顺序扫描执行器 SeqScanExecutor是最基本的一个执行器，它会在一个表上进行迭代式的扫描并返回其元组的信息，每次返回一个，一个顺序扫描被一个SeqScanPlanNode来定义，这个执行计划结点会指定需要扫描的表，同时这个结点中可能会包含一个判断条件(Predicate)，需要过滤掉不符合要求的元组。

同时Bustub中已经提高了一个TableIterator对象可以用来遍历一个表，并且在表达式类AbstractExpression中提供了一个Evaluate()函数可以用来判断一个元组是否满足Predicate中的表达式，它会返回一个Value对象，将其转化成bool类型之后就可以表示元组是否满足表达式中的判断条件。

所以顺序扫描其实对应的就是有条件的SELECT操作

顺序扫描的代码实现如下：

SeqScanExecutor::SeqScanExecutor(ExecutorContext *exec_ctx, const SeqScanPlanNode *plan) 
: AbstractExecutor(exec_ctx), plan_(plan) {}

void SeqScanExecutor::Init() {
  table_info_ = exec_ctx_->GetCatalog()->GetTable(plan_->GetTableOid());
  table_iter = table_info_->table_->Begin(exec_ctx_->GetTransaction());
  table_end_iter = table_info_->table_->End();
}

bool SeqScanExecutor::Next(Tuple *tuple, RID *rid) {
  for (; table_iter != table_end_iter; table_iter ++) {
    exec_ctx_->GetLockManager()->LockShared(exec_ctx_->GetTransaction(), table_iter->GetRid());
    *tuple = *table_iter;
    *rid = tuple->GetRid();
    if (plan_->GetPredicate() != nullptr) {
      if (plan_->GetPredicate()->Evaluate(tuple, plan_->OutputSchema()).GetAs<bool>()) {
        table_iter ++;
        return true;
      }
    } else {
      table_iter ++;
      return true;
    }
  }
  return false;
}

插入

插入操作需要实现的功能是将元组插入表中，并且插入操作分成两种不同的类型：

第一种插入操作是指，需要插入的值本身包含在查询计划的结点中，我们称为行插入
第二种插入操作是指插入的值来自于一个子结点上的执行器，比如InsertNode下面可以有一个SeqScan的子结点

在执行器初始化的时候，我们需要先从Catalog中获取表的信息，然后再使用TableHeap来完成表的更新。

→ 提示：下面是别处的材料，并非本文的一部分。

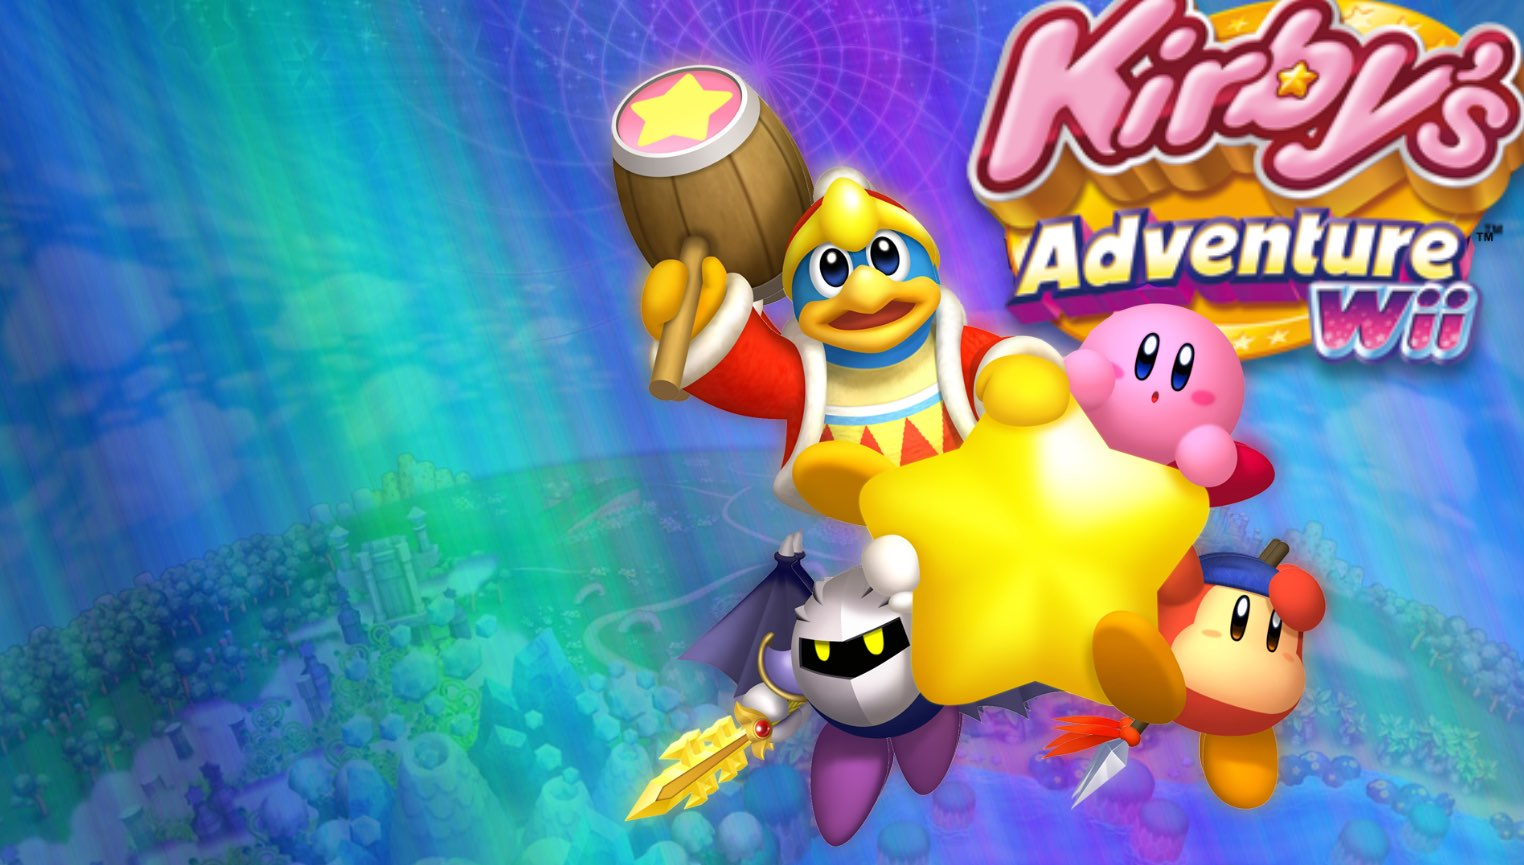 Kirby’s Adventure Wii (Wii, 2011)

所以插入操作的初始化实现如下(注意要在InsertExecutor中定义相关的变量)：

void InsertExecutor::Init() {
  Catalog *catalog = GetExecutorContext()->GetCatalog();
  table_info_ = catalog->GetTable();
  std::string table = table_info_->name_;
  index_info_vector_ = catalog->GetTableIndexes(table);
  // 对应两种不同的查询方式
  if (plan_->IsRawInsert()) {
    iter_ = plan_->RawValues().begin();
  } else {
    // 如果插入的数据是从子结点来的，就对子结点进行初始化
    child_executor_->Init();
  }
}

此外我们把插入数据的过程单独抽象成一个函数Insert，并且在Next中调用，然后在Next中分成两种情况的insert分别写就好了：

bool InsertExecutor::Insert(Tuple &tuple, RID *rid) {
  TableHeap *table_heap = table_info_->table_.get();
  table_heap->InsertTuple(tuple, rid, GetExecutorContext()->GetTransaction());
  for (auto &index_info: index_info_vector_) {
    HASH_TABLE_INDEX_TYPE *hash_index = reinterpret_cast<HASH_TABLE_INDEX_TYPE*>(index_info->index_.get());
    IndexWriteRecord index_record{*rid, plan_->TableOid(), WType::INSERT,
                                  tuple, index_info->index_oid_, GetExecutorContext()->GetCatalog()};
    GetExecutorContext()->GetTransaction()->AppendTableWriteRecord(index_record);
    hash_index->InsertEntry(tuple.KeyFromTuple(table_info_->schema_, index_info->key_schema_,
                                               index_info->index_->GetMetadata()->GetKeyAttrs()),
                            *rid, GetExecutorContext()->GetTransaction());
  }
}

bool InsertExecutor::Next([[maybe_unused]] Tuple *tuple, RID *rid) {
  if (!plan_->IsRawInsert()) {
    if (child_executor_->Next(tuple, rid)) {
      Insert(tuple, rid);
      return true;
    }
    return false;
  }
  if (iter_ != plan_->RawValues().end()) {
    Tuple insert_tuple(*iter_ ++, &table_info_->schema_);
    Insert(insert_tuple, rid);
    return true;
  }
  return false;
}

更新操作

更新操作是在表中修改一个元素并在索引中进行更新，这个执行器的子执行器会提供需要修改的元组的RID信息，同时更新操作总是从子执行器(查询计划的子结点)中获得要操作的元组信息，即Update一定会跟一个Select操作(虽然SQL里面没有，但是数据库系统实际执行过程中就是要先Select出所有的元组然后再Update的)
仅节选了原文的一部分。